血糖値を下げるだけでは不十分 脂質異常や高血圧のチェックも
糖尿病というと、その名前から「尿に糖が出る病気」と考えている方がかなりいます。しかし糖尿病は、糖(ブドウ糖)が血液中に停滞する病気です。糖は「酸化」などの化学反応で血管の内側の壁を傷つける性質があるため、血液中に糖が多い状態が続くと、血管がダメージを受け、動脈硬化を進行させます。
つまり、糖尿病は「血管がダメージを受ける病気=動脈硬化を進行させる病気」と捉えるべき。そして、「血管がダメージを受ける病気」は糖尿病に限りません。
遺伝的要因が大きい1型糖尿病に対し、2型糖尿病は生活習慣が大きく関係しています。主なリスク要因として肥満が挙げられますが、肥満は脂質異常症や高血圧の主なリスク要因でもあります。

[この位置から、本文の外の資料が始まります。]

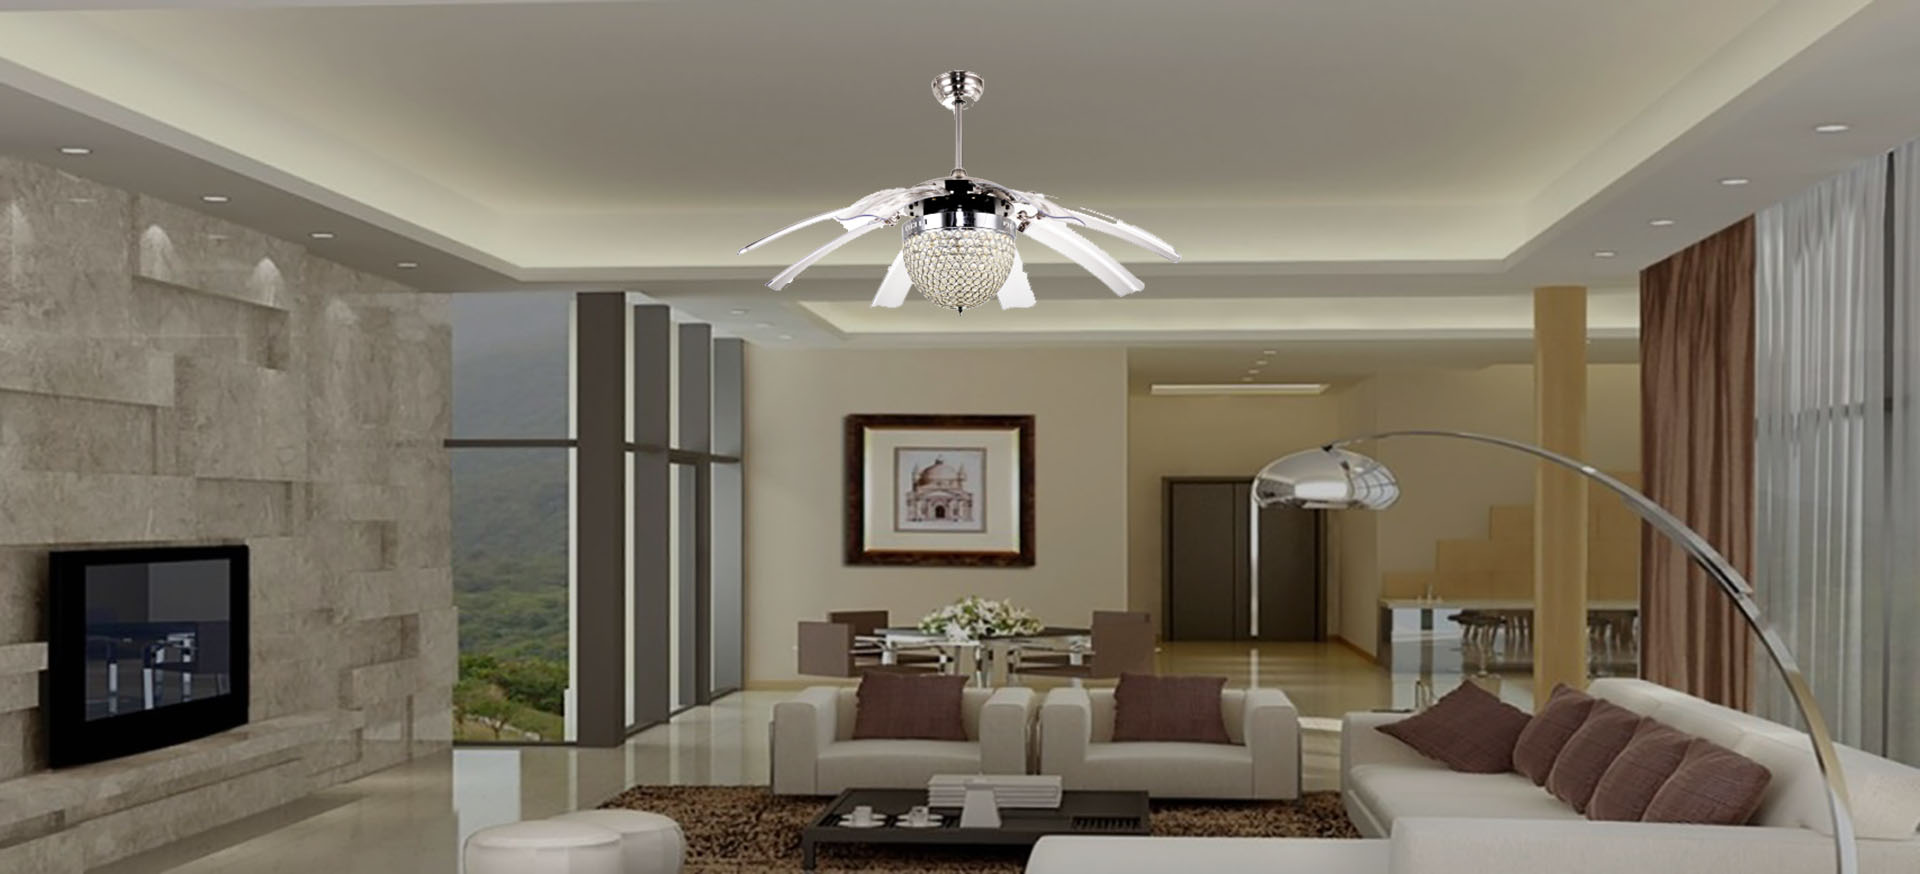 Get The Designer Wall Fans Online By Luminous
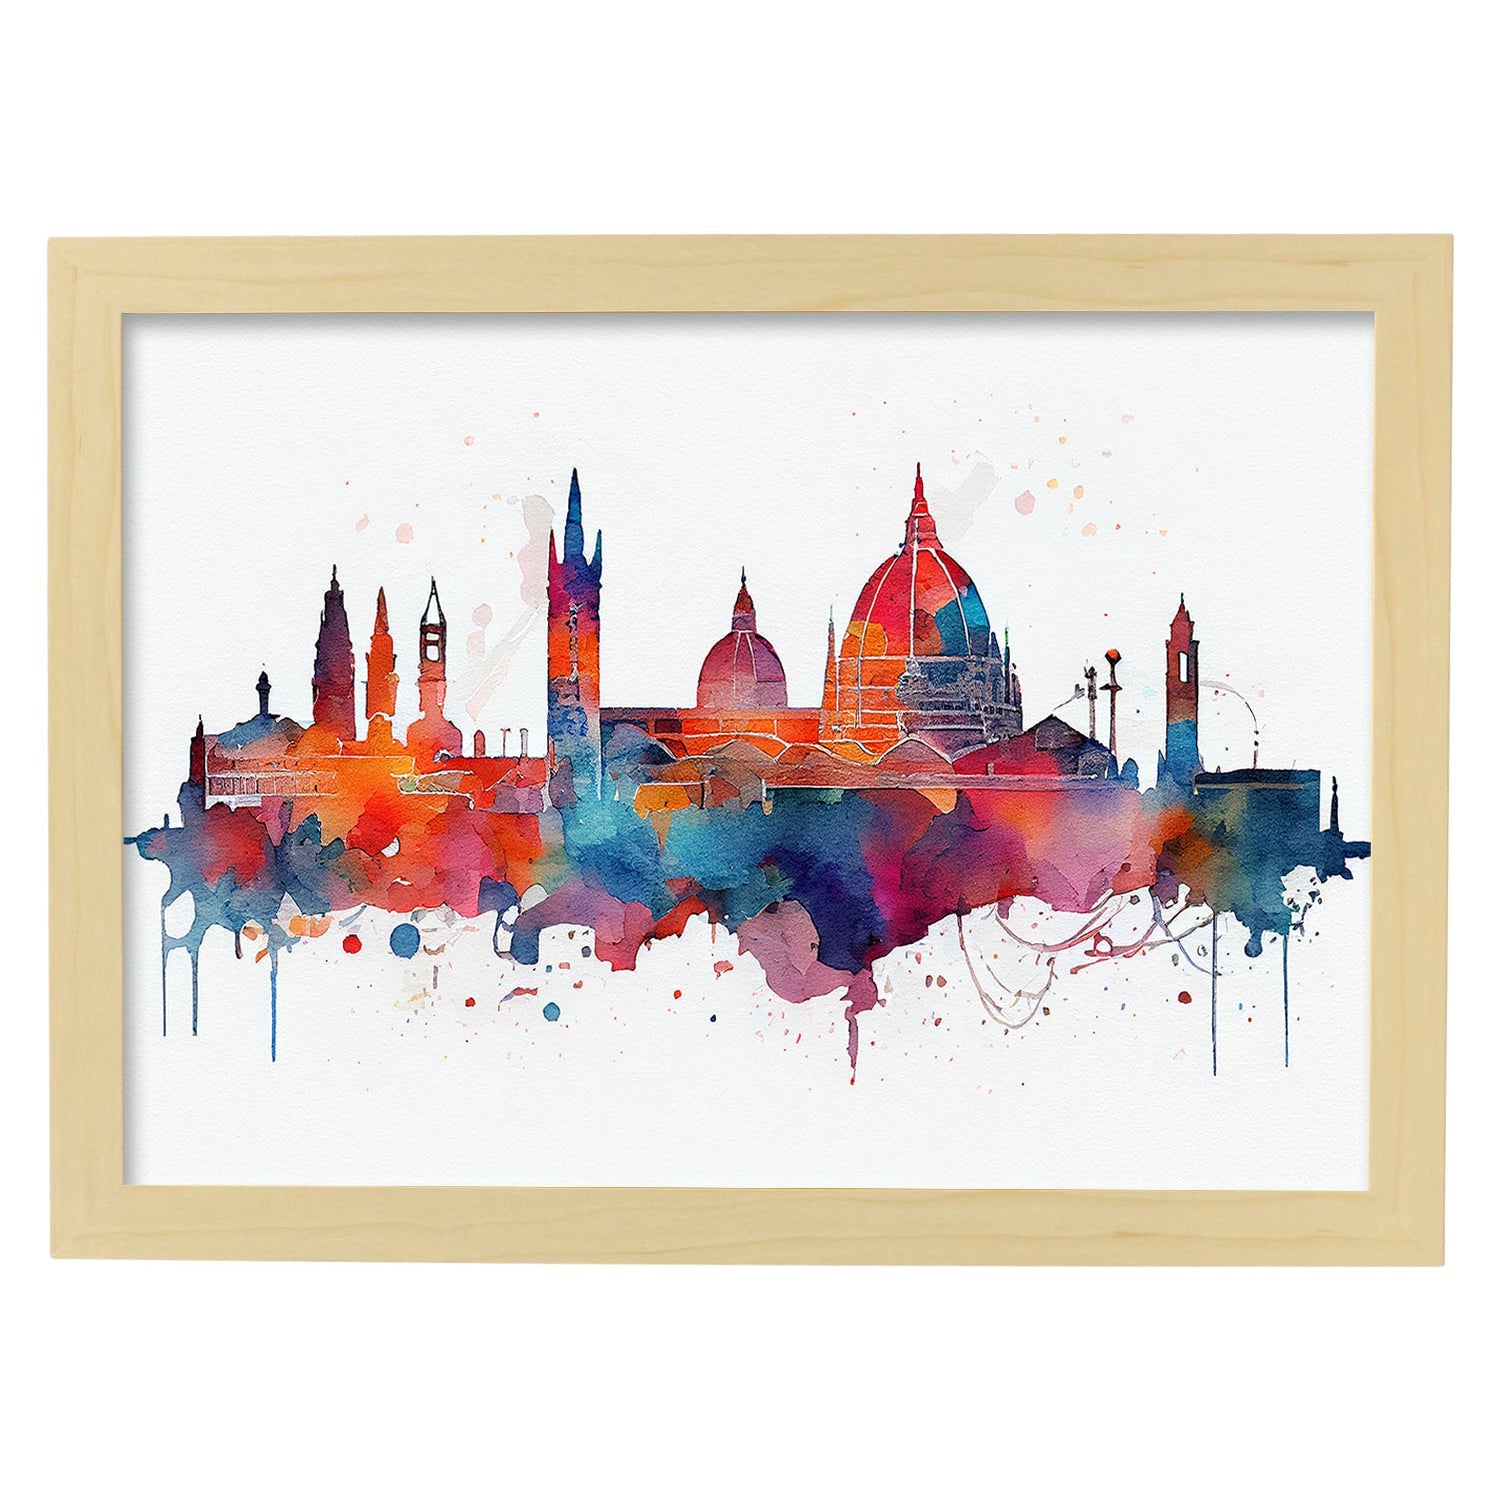 Nacnic watercolor of a skyline of the city of Florence_2. Aesthetic Wall Art Prints for Bedroom or Living Room Design.-Artwork-Nacnic-A4-Marco Madera Clara-Nacnic Estudio SL

肥満になると、脂肪を蓄える白色脂肪細胞から分泌される物質「TNF―α」と「レジスチン」の量が増え、血液中のブドウ糖が白色脂肪細胞へと取り込まれにくくなり、高血糖になります。前述の通り、それが血管にダメージを与えます。
また、肥満になると、遊離脂肪酸という物質が血液中に増えます。その一部が肝臓で中性脂肪やコレステロールに変わり、血液中に戻され、血液中の脂質が多くなります。これが脂質異常症で、糖尿病と同様に、動脈硬化を進行させ、血管にダメージを与えます。